Justice Ahmadi denied suggestions of impropriety but resigned soon afterwards. He sent an application to the Supreme Court requesting permission to quit the post. The handover process, however, took a long time and was completed only yesterday, with the court dissolving the trust with effect from July 19, 2010.

The bench of Chief Justice S.H. Kapadia and Justices A.K. Patnaik and Swatanter Kumar cited no reason for their decision. Court watchers, however, speculated that the objective was to side-step the controversy involving a former apex court judge.

The trust now has a corpus of Rs 436.47 crore. The auditor-general of Madhya Pradesh will now audit the hospital’s accounts annually.

Yesterday, the top court also decided to end its monitoring of schemes for the gas victims, after patting itself on the back for its role in ensuring they received proper help and rehabilitation.
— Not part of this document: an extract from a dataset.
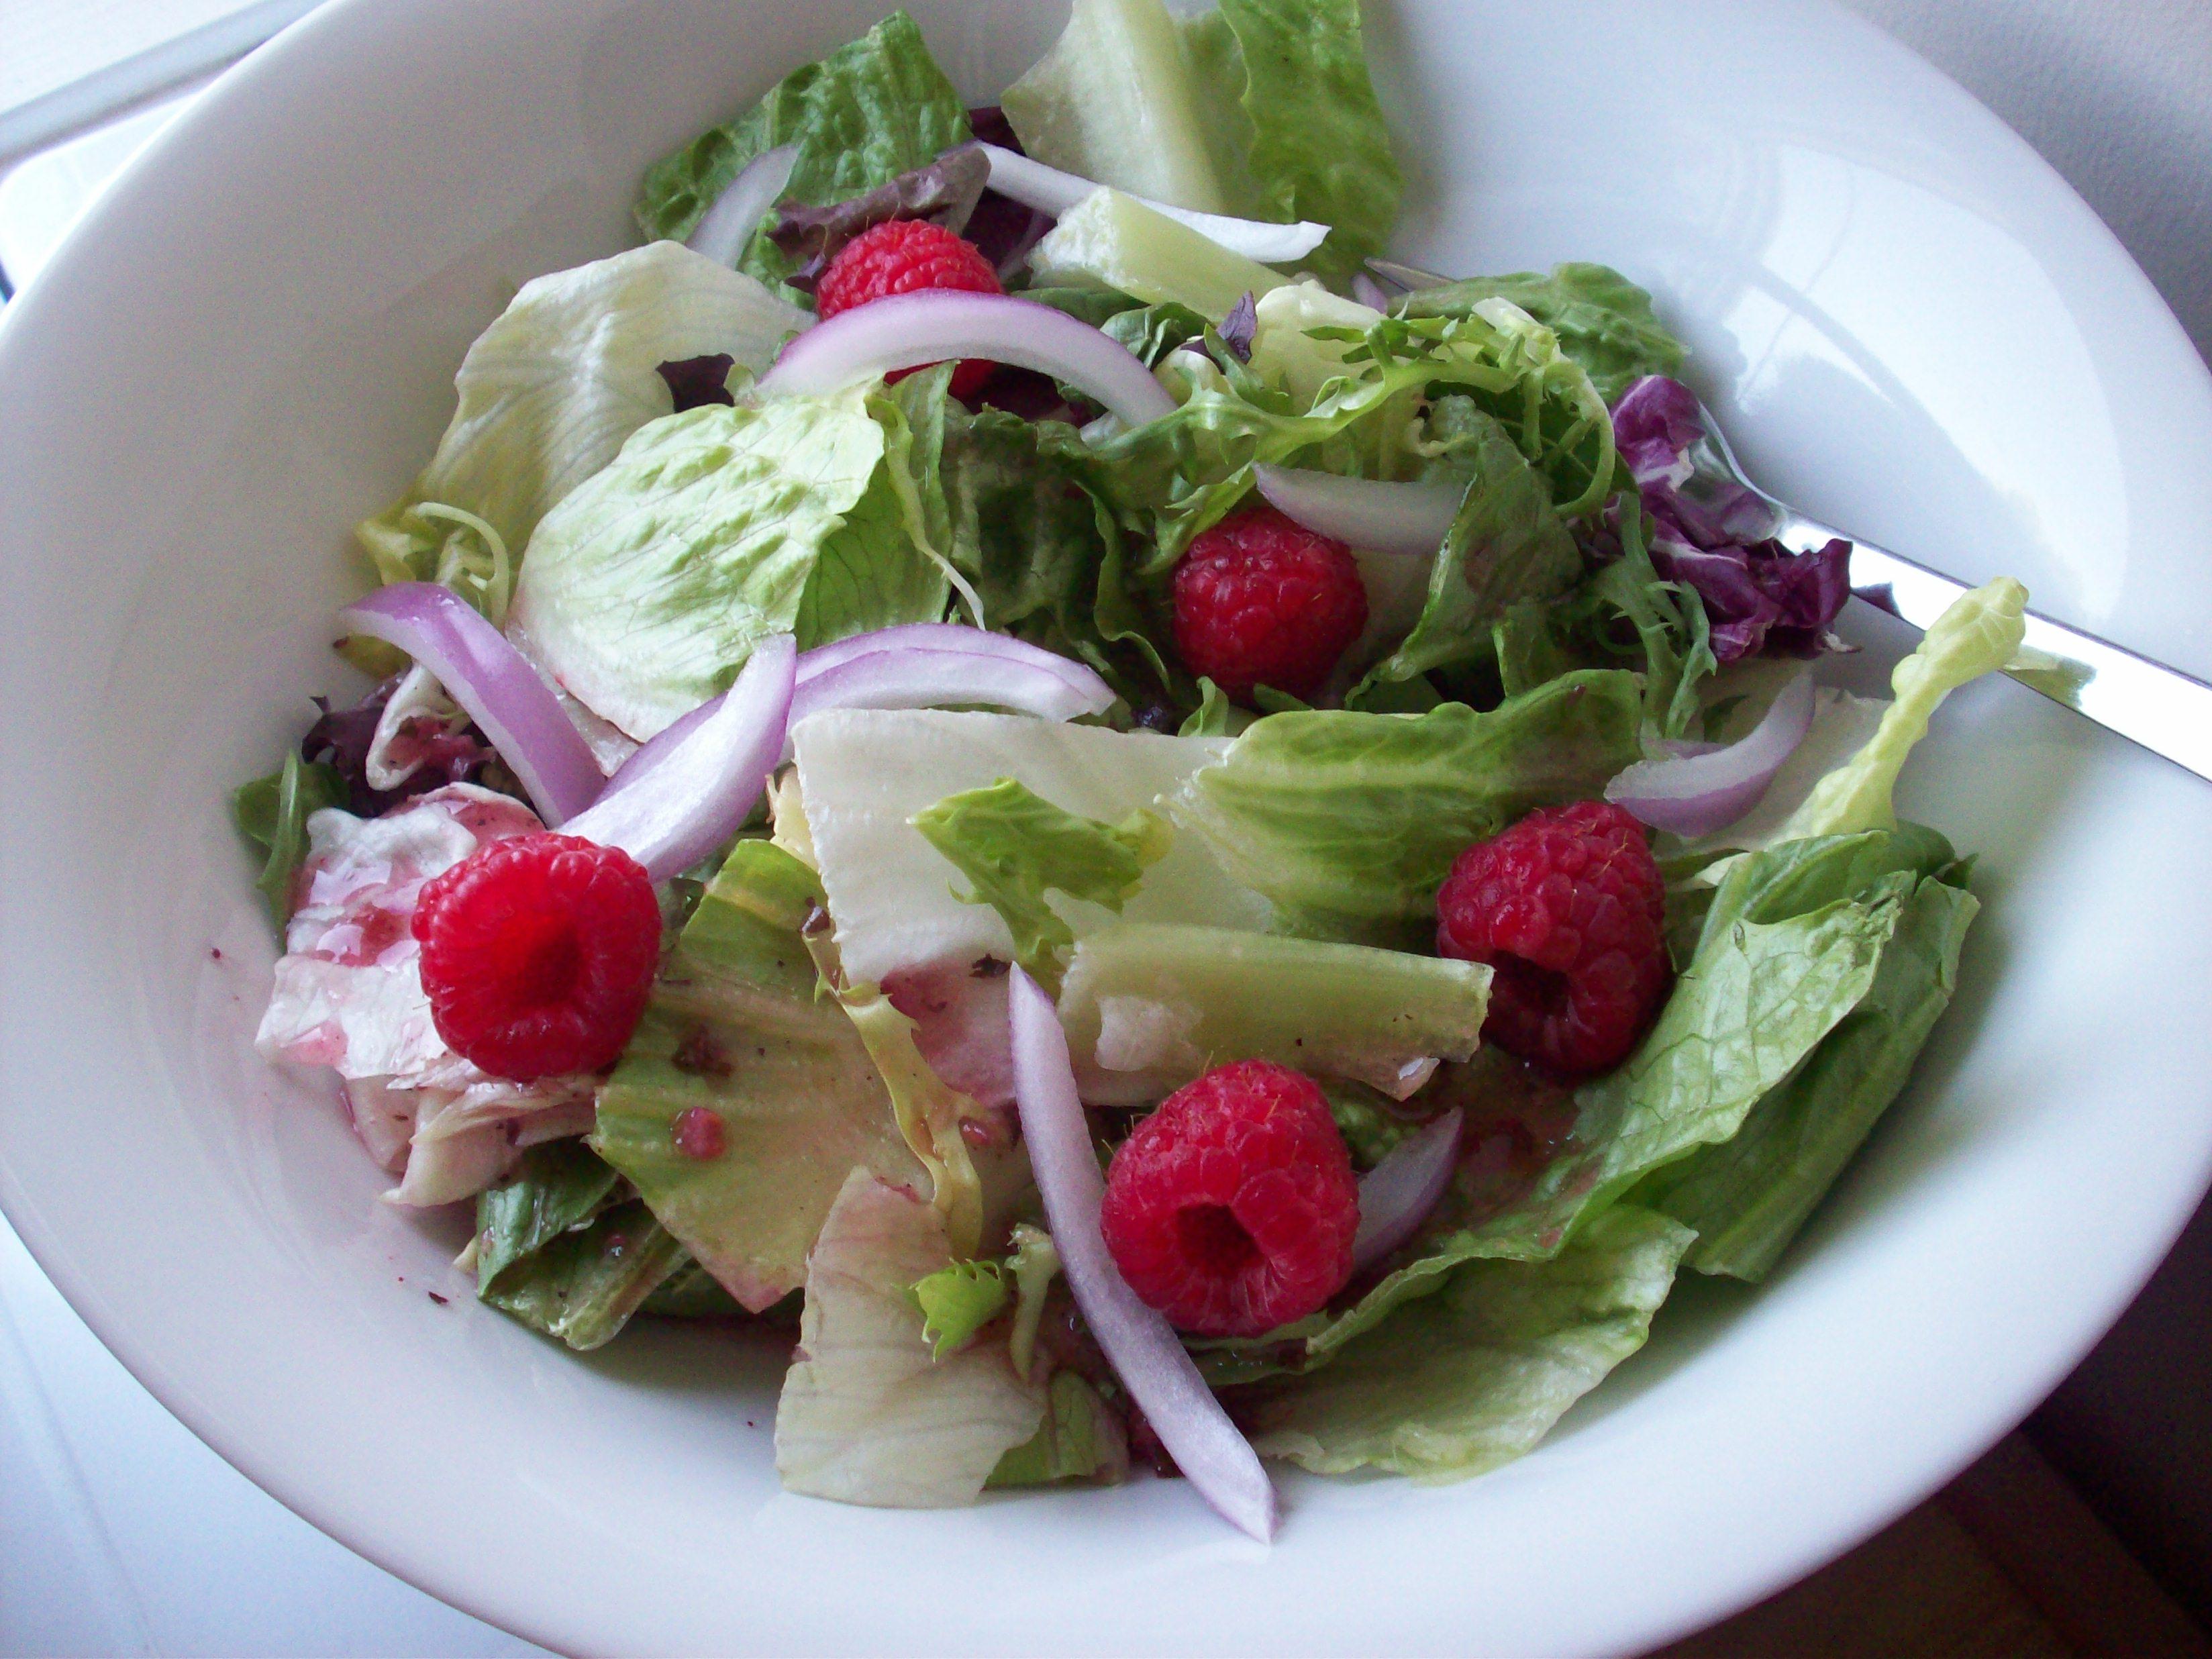 http://foodloader.net/cutie_2010-05-30_Salad.jpg

The Madhya Pradesh High Court will now monitor all such schemes.

The Supreme Court cited how “avoidable disasters resulting from human error/negligence... cause irretrievable damage to the health and environment for generations”.

“In such situations and where the laws are silent or are inadequate, the courts have unexceptionally stepped in to bridge the gaps, to provide for appropriate directions and guidelines,” it said.

“The Bhopal gas tragedy is a glaring example of such imbalances and adverse impacts where, by court’s intervention, poor and destitute have been provided relief and rehabilitation.”

As far back as July 1987, a scientific panel had estimated that the victims of the 1984 gas leak’s environmental effects numbered five lakh.